Le aziende produttrici e le insegne che già hanno in essere una catena caratterizzata da innovazione ed elementi distintivi lamentano una difficoltà nel mantenere intatta l’immagine legata ai prodotti ed alla politica dei prezzi; in alcuni comparti, ad esempio nel fashion, abbiamo assistito alla scelta dei brand di concentrarsi unicamente sul proprio ecommerce, così come dobbiamo riconoscere che sono in corso azioni congiunte tra brand e marketplace per contrastare le contraffazioni.

La realtà è che ogni azienda deve valutare quali equilibri desidera porre in essere nei diversi mercati-obiettivo: se è vero che il ventaglio dei canali online è diversificato e non sempre focalizzato per i propri obiettivi, di fatto è la replica delle caratteristiche di altri canali multimarca sebbene l’online presenti maggiori evidenze in rapida evoluzione.
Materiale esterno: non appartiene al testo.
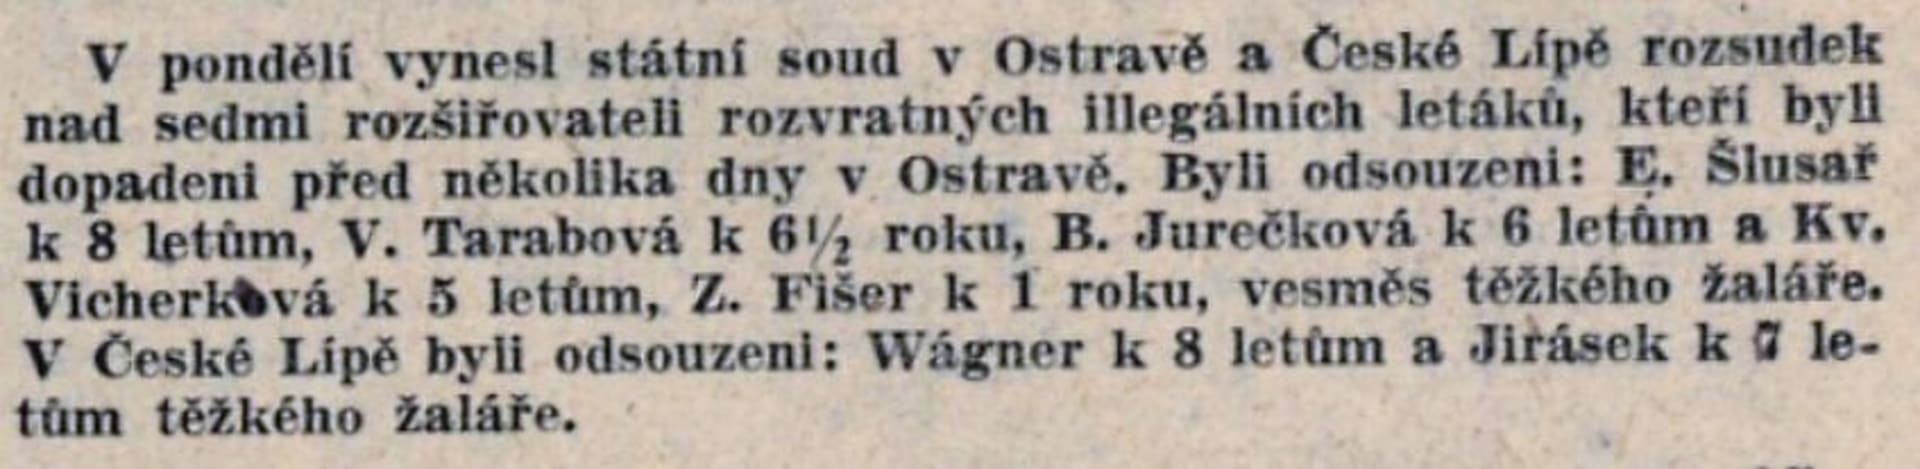 Rudé právo z 21. září 1948 informuje na titulní straně o procesu s Emilem Šlusařem a dalšími obviněnými, kteří šířili protirežimní letáky.

Occorre partire dalla strategia: definire obiettivi nei diversi Paesi o macro-aree, individuare i target e valutare come raggiungerli alla luce dei canali esistenti e delle opzioni strategiche per costruire canali dedicati quale può essere una rete monomarca e/o un ecommerce dedicato al brand, naturalmente con gli investimenti del caso. E’ altresì sempre possibile definire un mix distributivo adeguato e monitorare e cambiare i canali nel tempo.

Va anche detto che vi sono inserzionisti e produttori/grossisti che stanno cercando di negoziare alcune regole con marketplace ed e.tailer, e nonostante le regole generali siano abbastanza rigide a fronte di determinati impegni e/o previsioni di volumi appare possibile negoziare in parte alcuni dettagli che possono favorire la presenza del brand e la fidelizzazione dello stesso da parte dell’e.tailer. Del resto, le piattaforme sono eco-sistemi di business e a loro volta debbono perseguire equilibri di lungo periodo e possono farlo solo con i propri clienti.